Rockfish Wholesalers' Convictions Affirmed

US v. Oceanpro Industries:  In this appeal, a D.C. seafood wholesaling operation, its vice president, and an employee challenged their convictions for purchasing untagged and oversized striped bass (known colloquially as "rockfish") in violation of the Lacey Act (prohibiting the purchase in interstate commerce of fish or wildlife sold in violation of state law), and also for lying to federal agents investigating the crimes.  The appellants disputed the District of Maryland's venue for the false statement offense, because the statements were uttered in D.C., not Maryland.  Secondly, the appellants argued that the $300,000 order of restitution (well below the market value for the fish allegedly caught and sold illegally) was improper because the States were not "victims," as they lacked a sufficient interest in the illegally caught fish.  The Fourth Circuit affirmed the convictions.

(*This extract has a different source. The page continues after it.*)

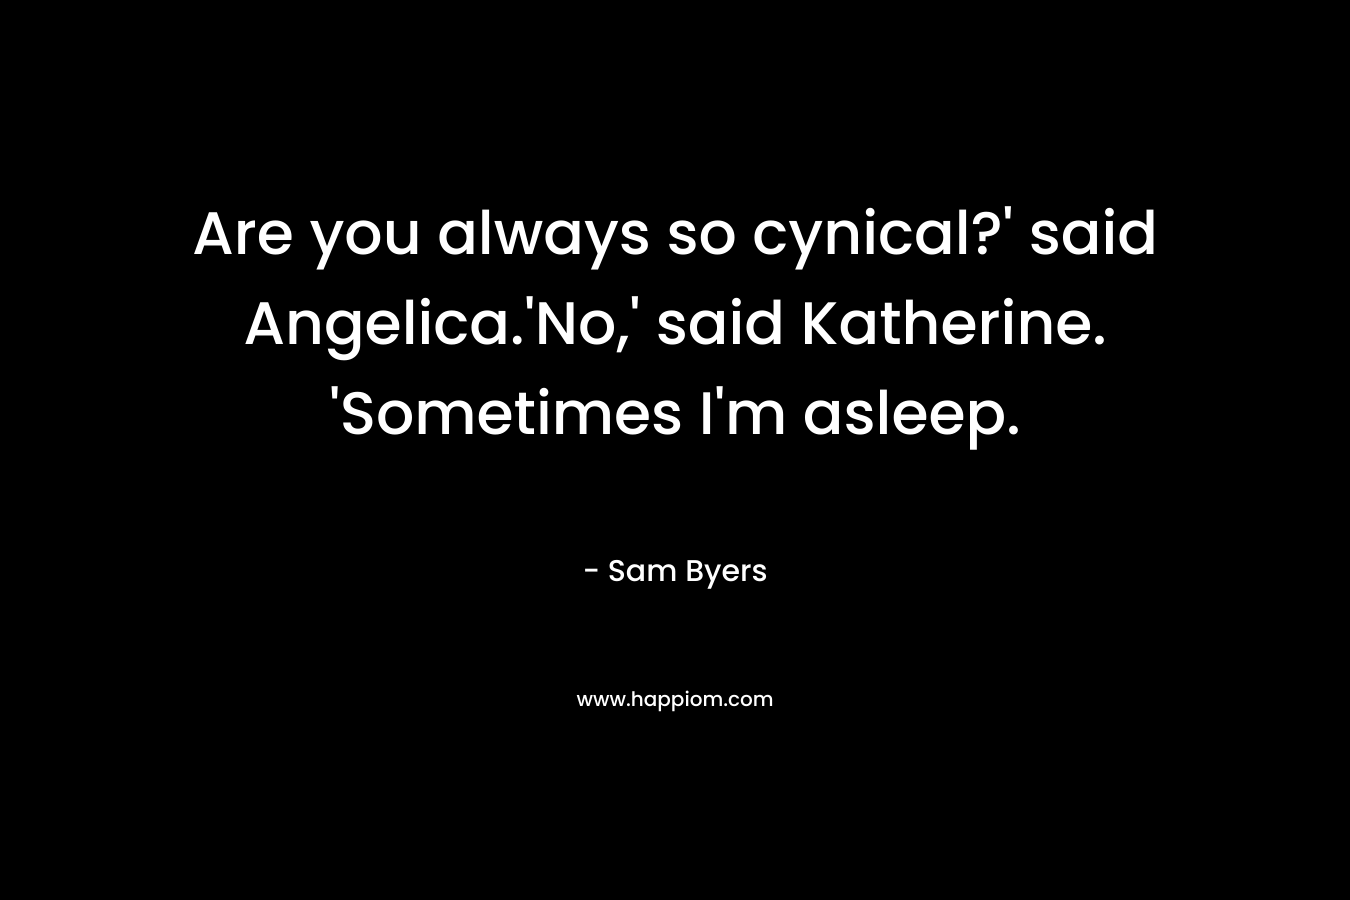 Are you always so cynical?' said Angelica.'No,' said Katherine. 'Sometimes I'm asleep.

The statute governing the false statement, 18 U.S.C. sect. 1001, does not contain an express venue provision; in this event, the Supreme Court has instructed that the place of the crime, its locus delicti, controls venue, and the place is "determined from the nature of the crime alleged and the location of the act or acts constituting it."  The Fourth Circuit has held that the "circumstance" elements of an offense, even if essential, are without moment to a venue determination.  The mens rea element of the false statement offense is such a circumstance element, and the essential conduct prohibited by the statute is "making any materially false statement."  The Fourth Circuit concluded that the District of Maryland had a substantial connection to the employee's criminal conduct and to the charges based on that conduct against him and Oceanpro. 

The Fourth Circuit held the restitution order, $300,000 to the states of Maryland and Virginia as compensation for the rockfish that had been illegally harvested from the Potomac River and sold to Oceanpro, was proper because the states had a proprietary interest in the illegally harvested fish after they were caught, so they were entitled to restitution under the Mandatory Victims' Restitution Act ("MVRA").  The Fourth Circuit relied on a Second Circuit case, United States v. Bengis, for its reasoning, a case involving illegally harvested South African lobsters, where restitution was mandated under the MVRA because the lobsters were forfeited to the state.